The following sample program is cataloged with code page IBM01141 (German) and is executed with default code page IBM01140 (us). The characters "Ä", "Ö" and "Ü" are defined in both code pages, but at different code points.
Example 1 - CPAGE=OFF
:
OPTIONS CPAGE=OFF WRITE *CODEPAGE 'ÄÖÜ' END
Output with code page IBM01140 (us):
Page 1 IBM01140 ¢\!
Example 2 - CPAGE=ON
:
OPTIONS CPAGE=ON WRITE *CODEPAGE 'ÄÖÜ' END
Output with code page IBM01140 (us):
Page 1 IBM01140 ÄÖÜ
The most common standard for code page names is the IANA name.
Therefore, the system variable *CODEPAGE
contains the IANA name of the default code page. On z/VSE and z/OS, a code page is qualified
by its Coded Character Set ID (CCSID). On BS2000, the Coded Character Set Name
(CCSN) is most popular. Currently, Adabas uses the Entire Conversion Service
definition (ADAECS). The macro
NTCPAGE
can be used to assign these different
names to the unambiguous IANA name. NTCPAGE
is part of the Natural
configuration module (NATCONFG
).
It does not matter whether the IANA name, the CCSID/CCSN or the
alias name is entered with the CP
parameter. The alias
name can be a user-defined name which is used to assign a more significant name
to the code page. In any case, *CODEPAGE
contains
the IANA name of the selected code page.
In addition, a placeholder character can be defined for a code
page. It overwrites the default substitution character of that code page, which
is normally a non-displayable character (for example, H’3F’
in an
EBCDIC code page). The placeholder character can be used to avoid that
non-displayable characters are sent to terminals.
Example:
NTCPAGE IANA=IBM01140,CCSID=1140,ECS=1140,ALIAS=’US’,PHC=003F
The values IBM01140
, 1140
or
US
can be entered with the CP
parameter to
activate the code page. *CODEPAGE
contains the
name IBM01140. The substitution character of the code page will be replaced by
"U+003F", which is a quotation mark (?).
The number of available code pages depends on the used ICU data library.
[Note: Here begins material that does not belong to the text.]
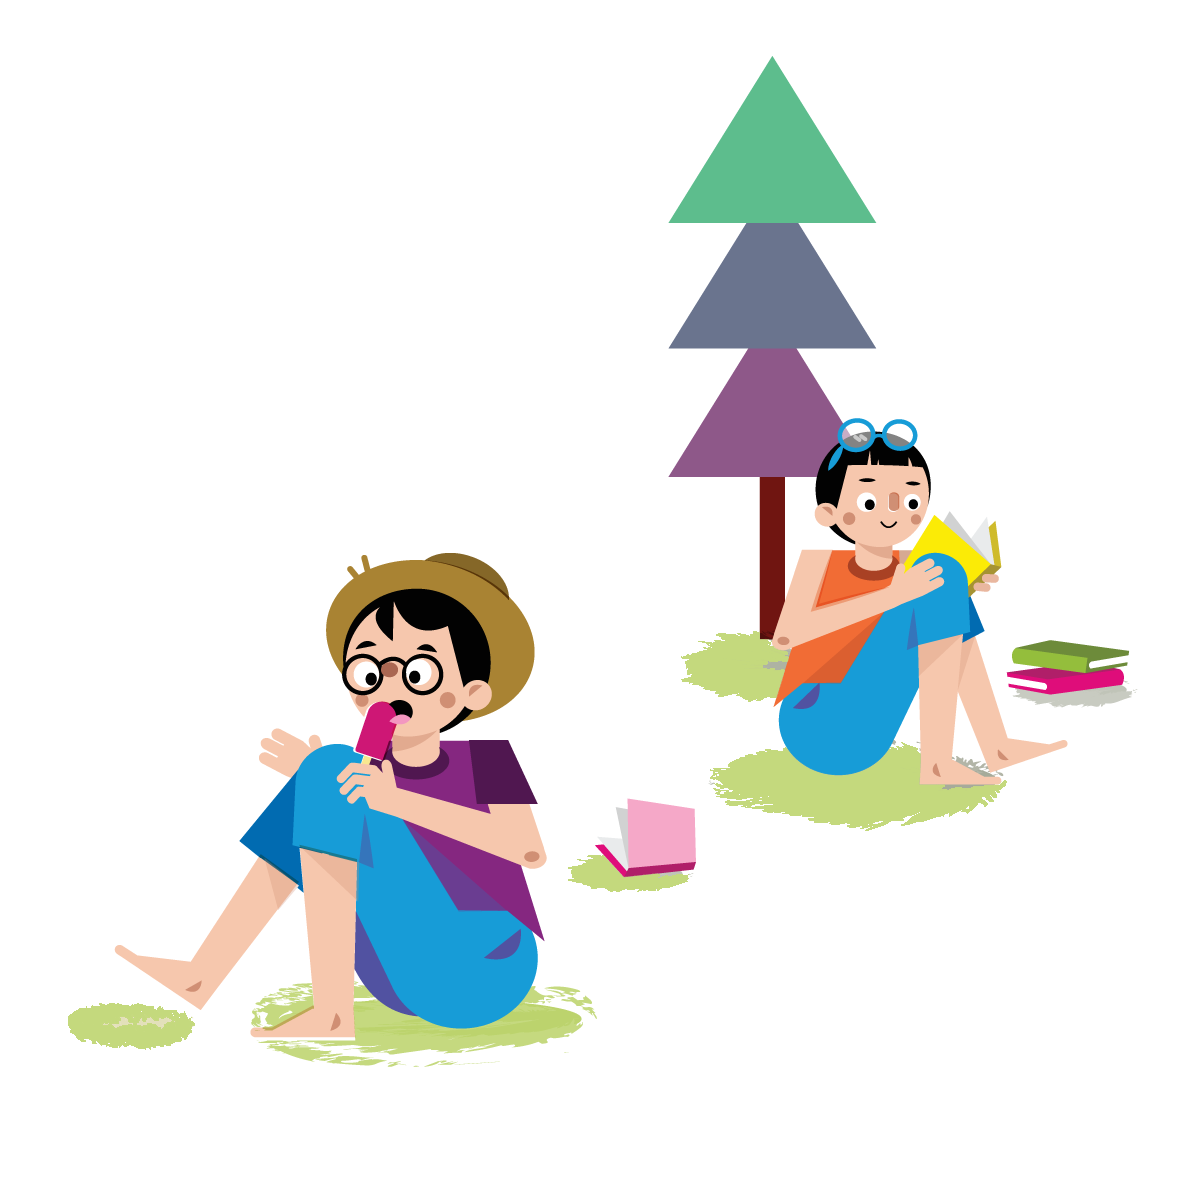 Camping boys - Vector Illustration © Emeline Barrea, All rights reserved
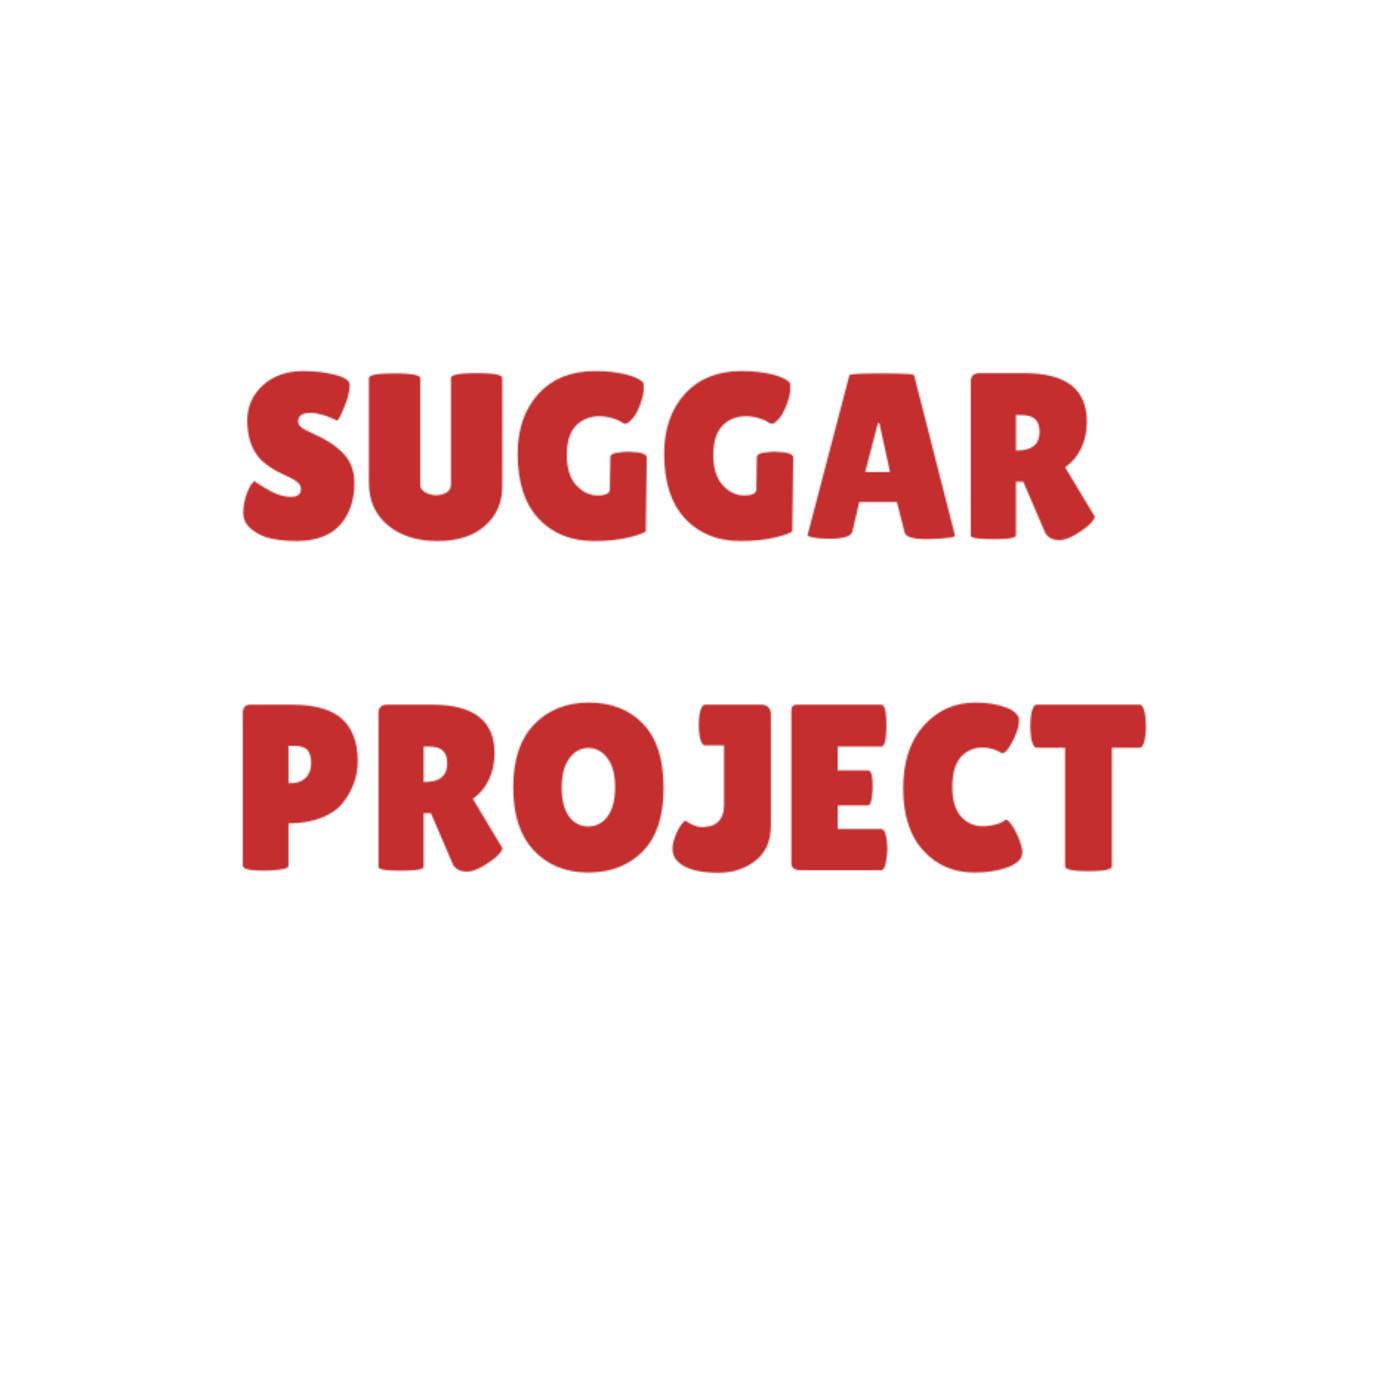 Suggar Project

All code pages defined in the currently used data package can be
used by Natural. An NTCPAGE
entry is only necessary if an
alternative alias name or placeholder character is desired.
The following configuration parameter is available with Natural Development Server (NDV):
Settings | Description |
---|---|
TERMINAL_EMULATION=WEBIO
|
Specifies that the Natural Web I/O Interface client (which supports Unicode) is used for input and output. |
The code page information of the object is part of the
object directory displayed with the LIST
system
command. For details, see Displaying Directory
Information in the System Commands
documentation.
The encoding of code page data can be specified on different levels.
The default code page can be defined with the
CP
parameter.
A code page can be defined for Natural sources, batch input
(CPOBJIN
,
CPSYNIN
)
and output files (CPPRINT
).
If a code page is defined at object level, this overwrites the default code page.